INFORMATION PROVIDED:
————
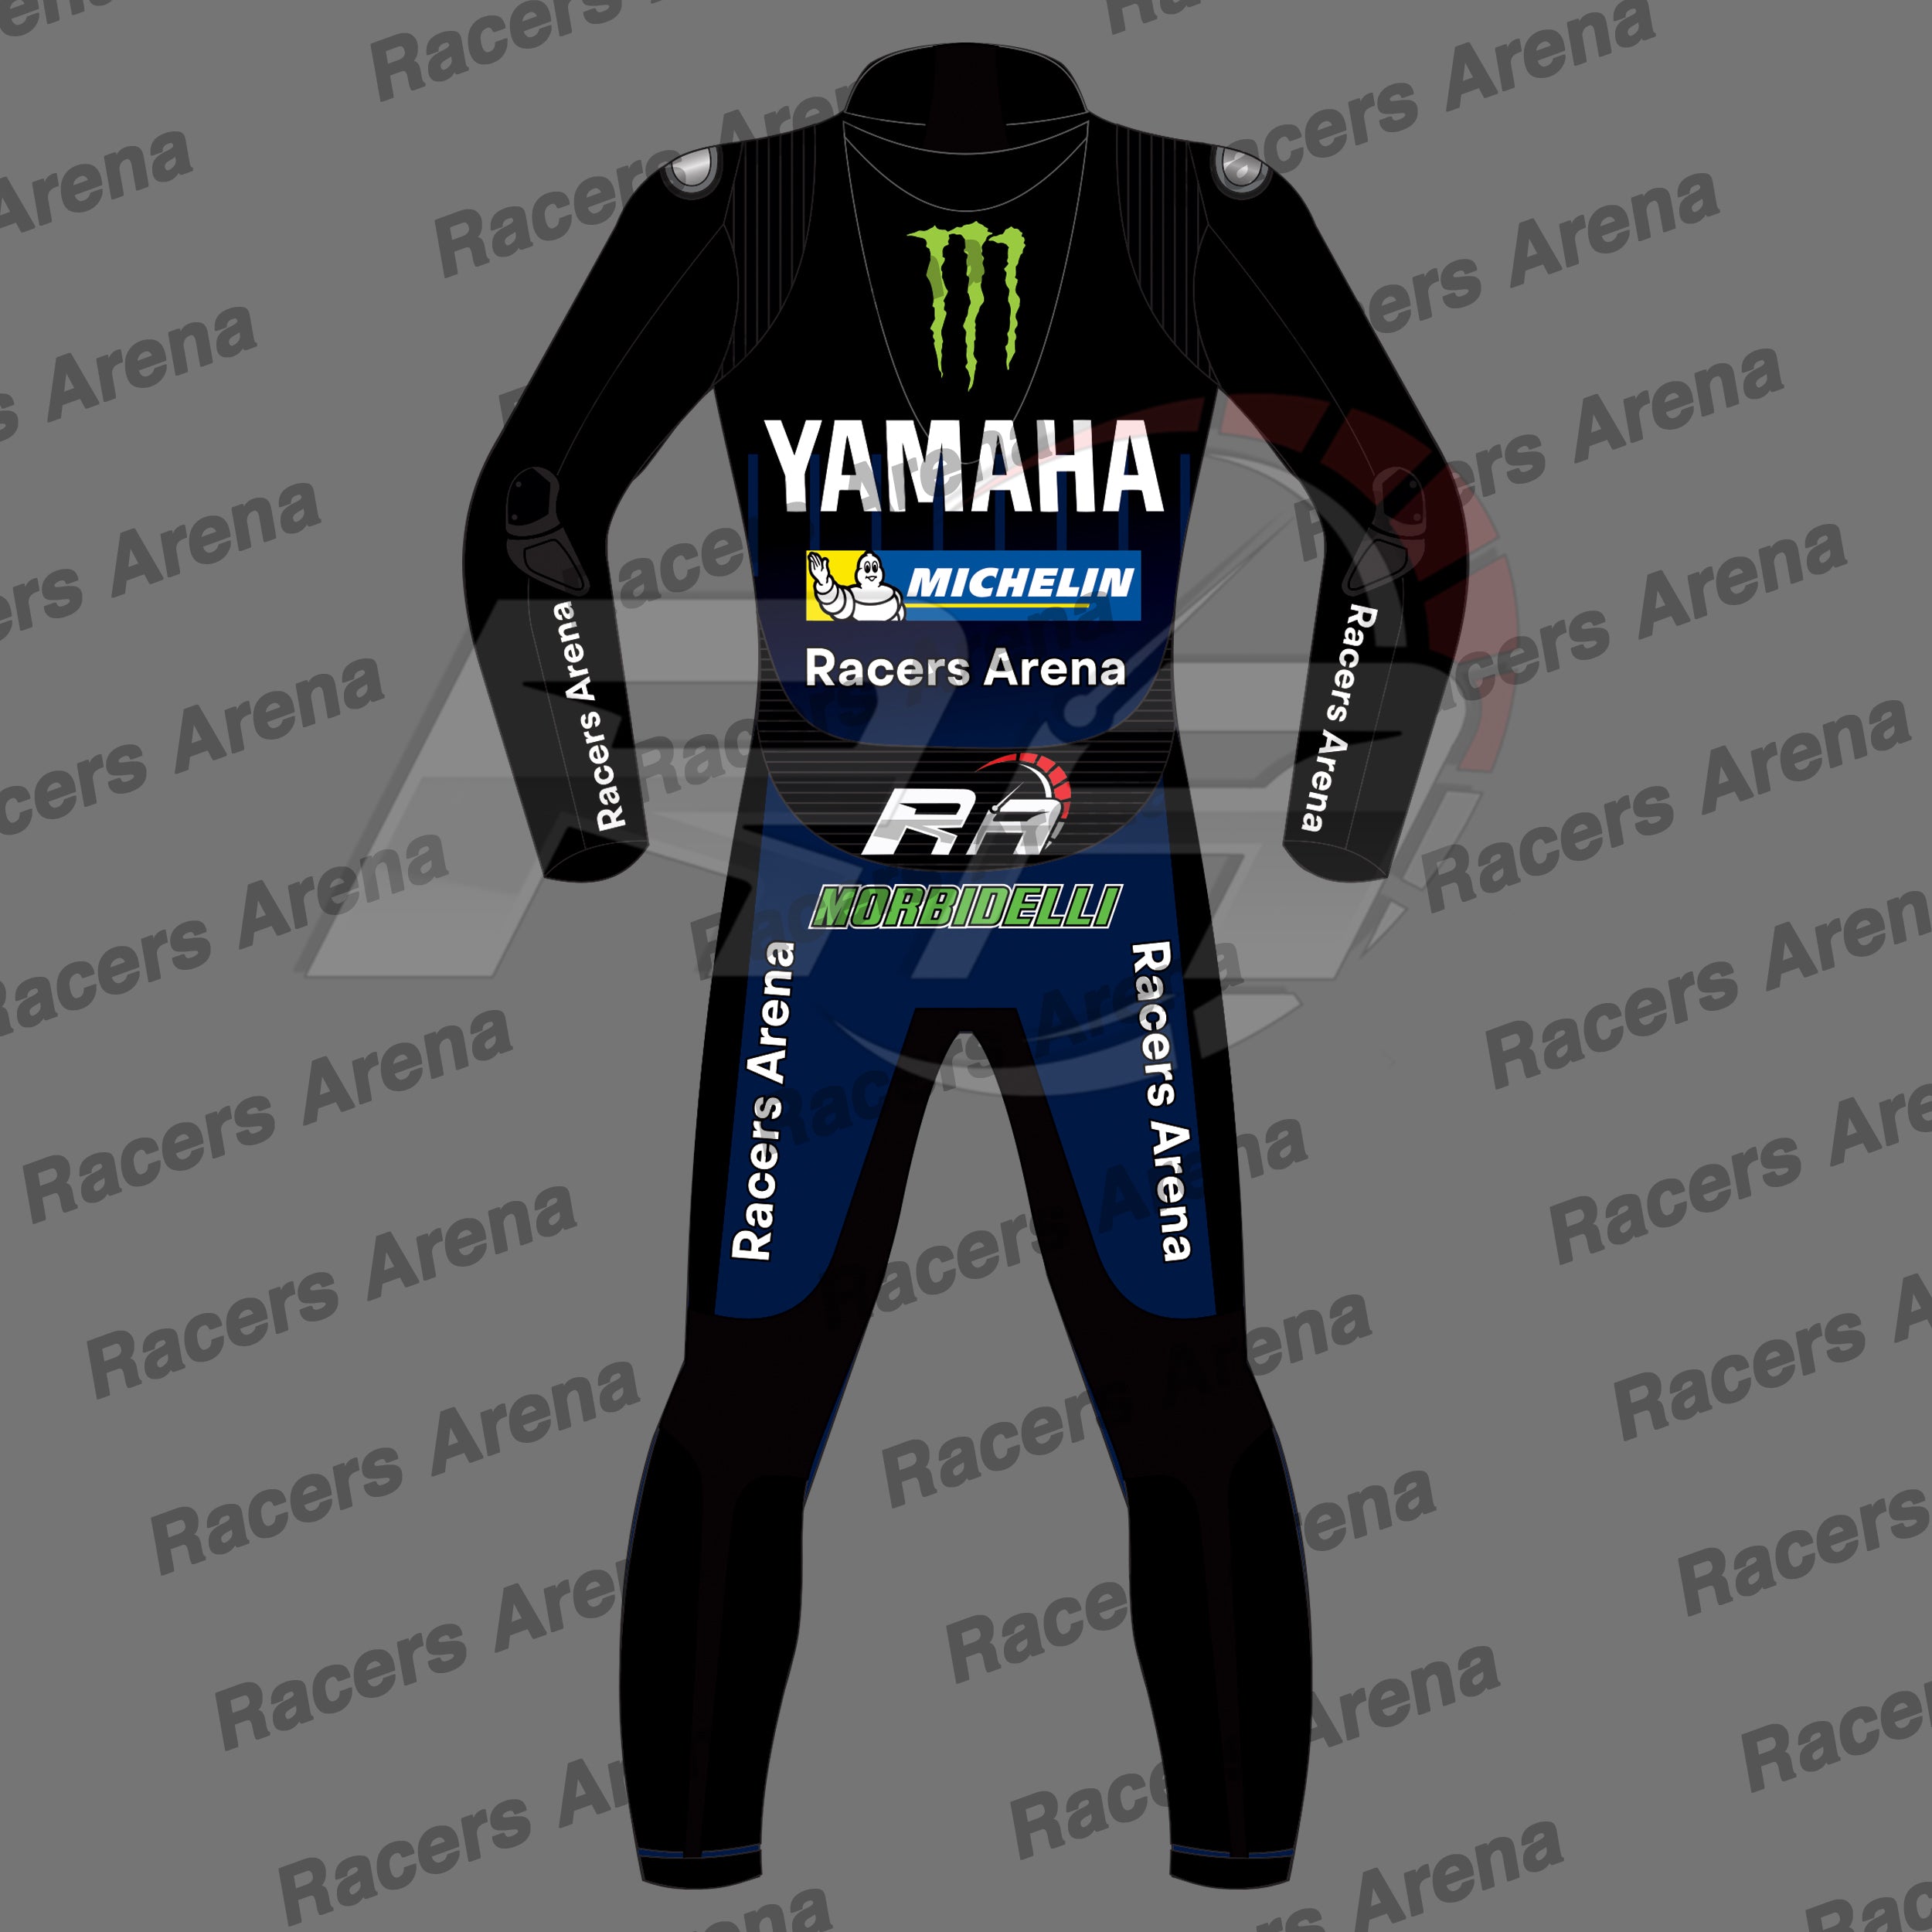 Franco Morbidelli’s MotoGP 2022 Monster Energy Race Suit
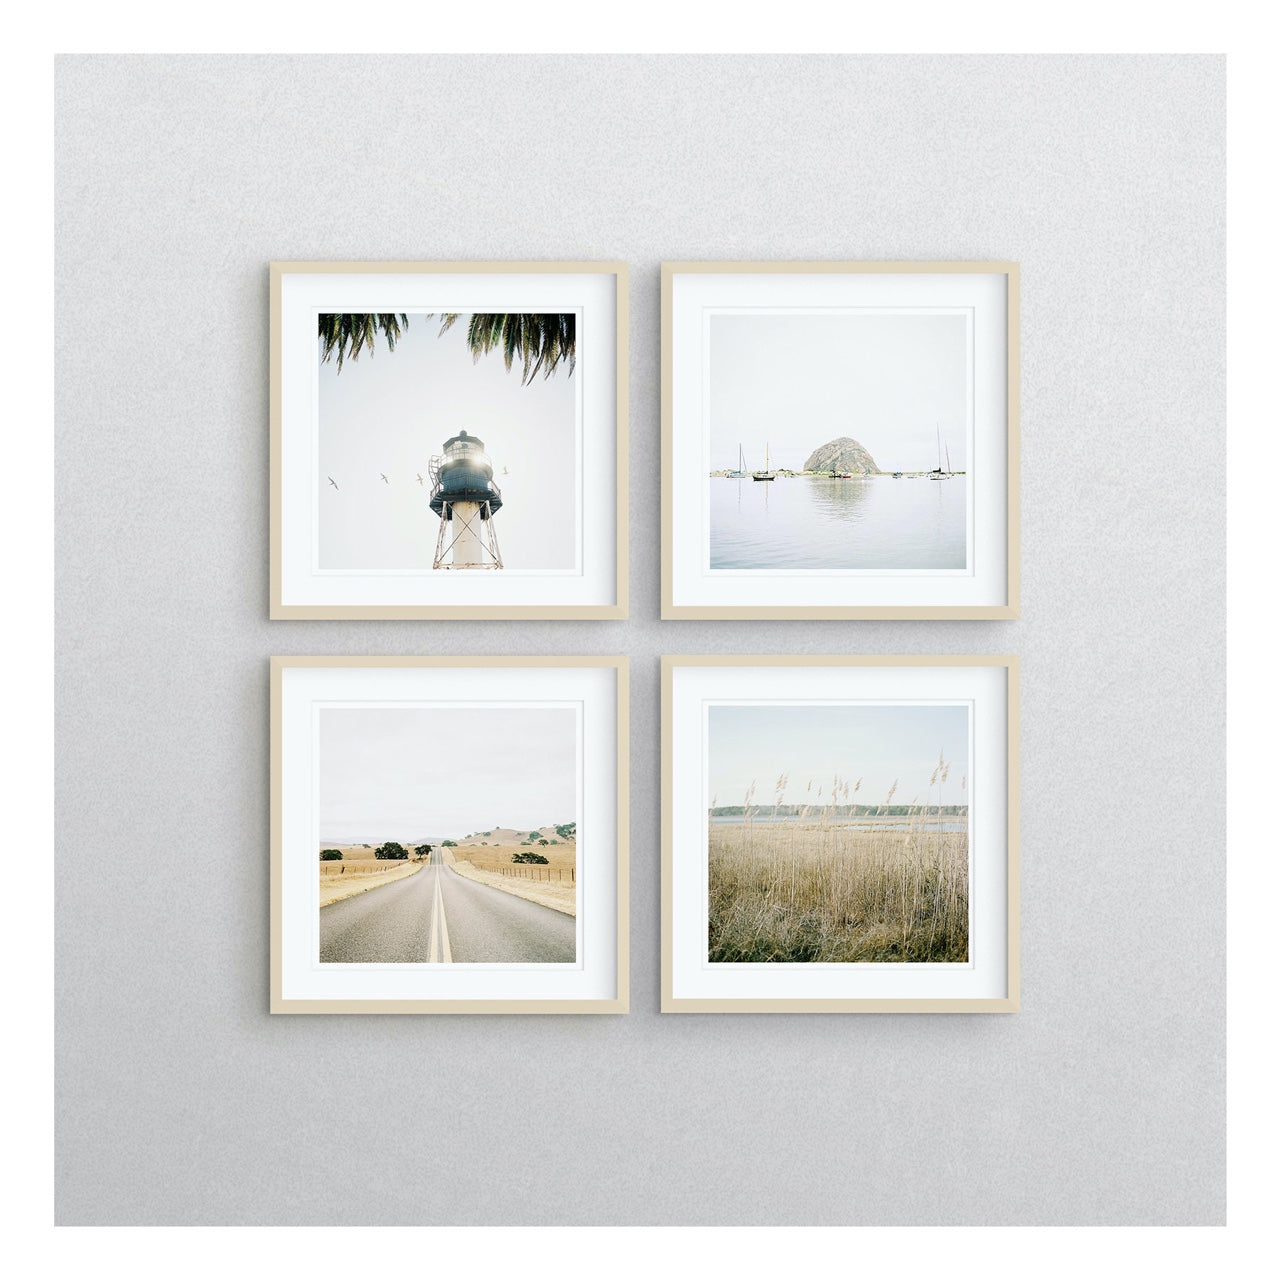 Gallery Frames - Set of 6, Photo Display
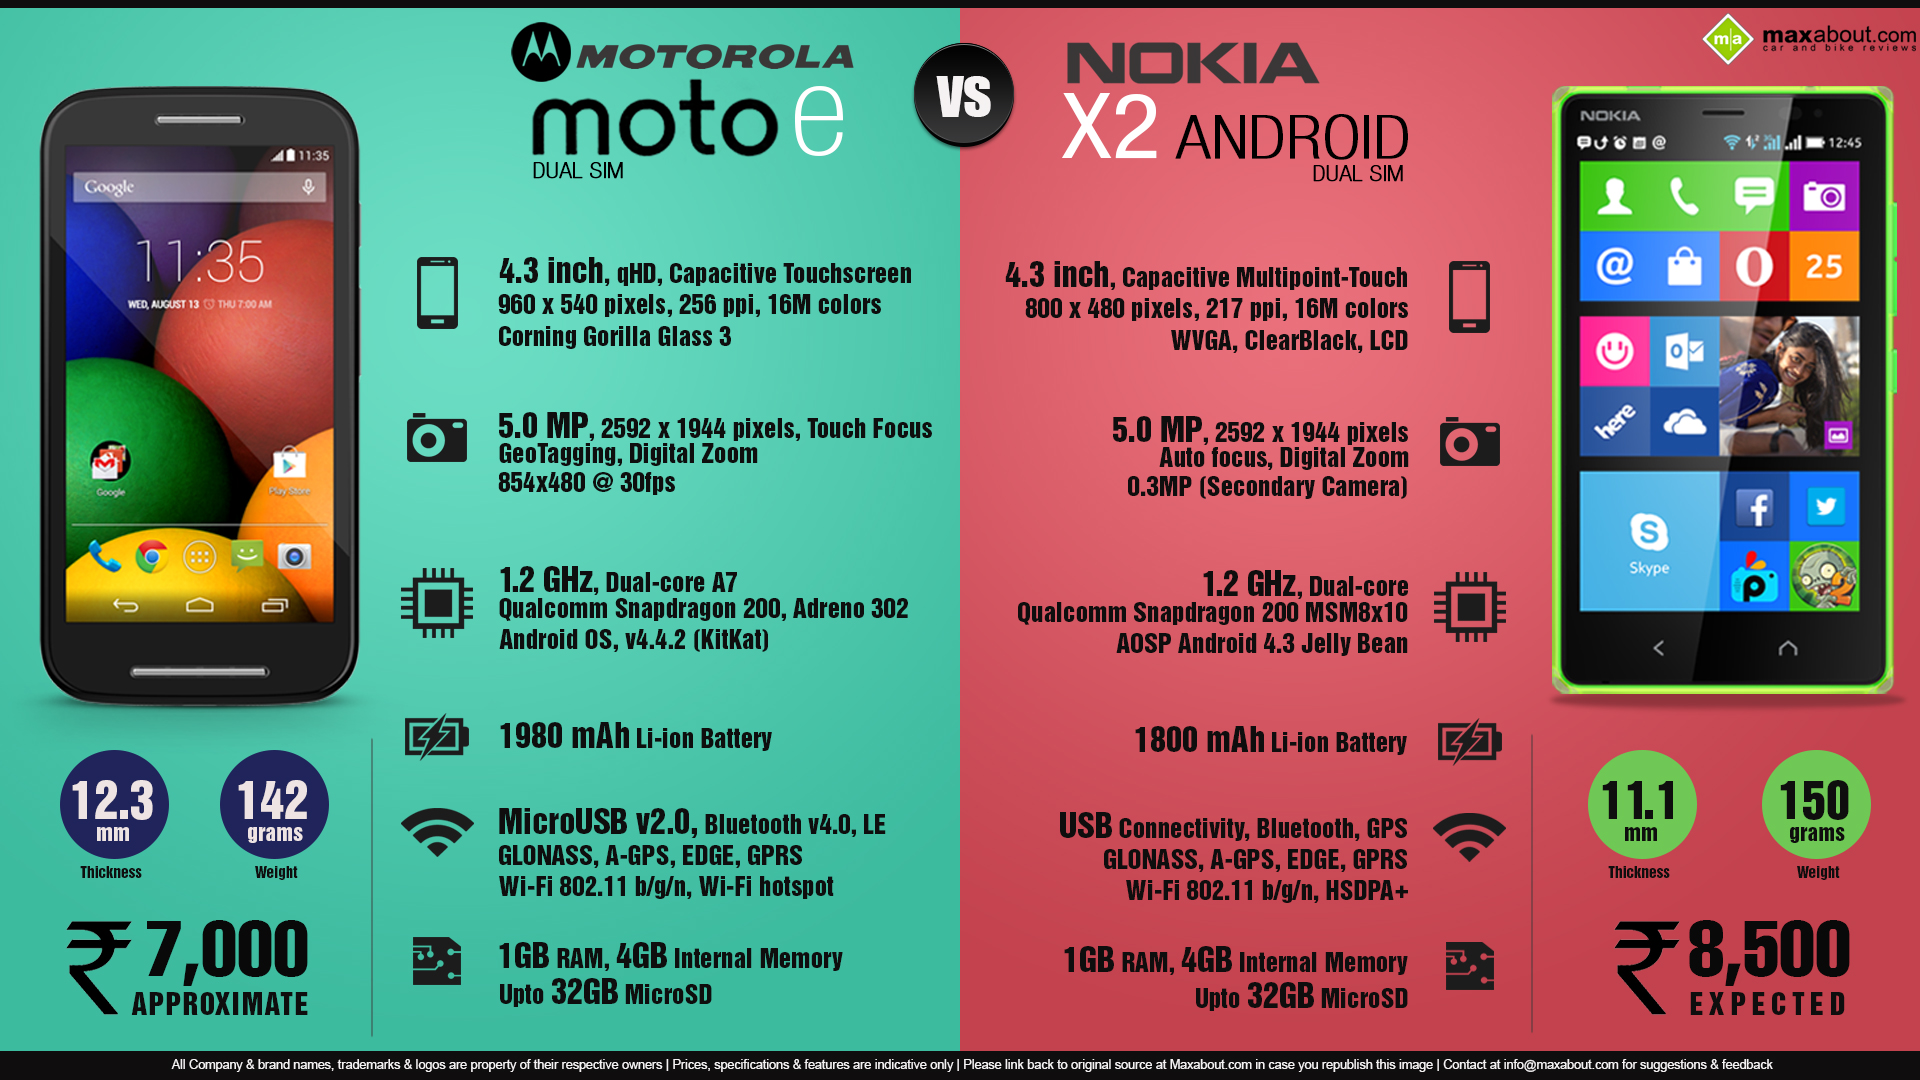 Nokia X2 Android Dual SIM Vs Motorola Moto E Dual SIM
————
EXERCISE: Please give the data above again in exact form and omit every picture.

RESULT OF THE TASK:
 Franco Morbidelli’s MotoGP 2022 Monster Energy Race Suit
 Gallery Frames - Set of 6, Photo Display
 Nokia X2 Android Dual SIM Vs Motorola Moto E Dual SIM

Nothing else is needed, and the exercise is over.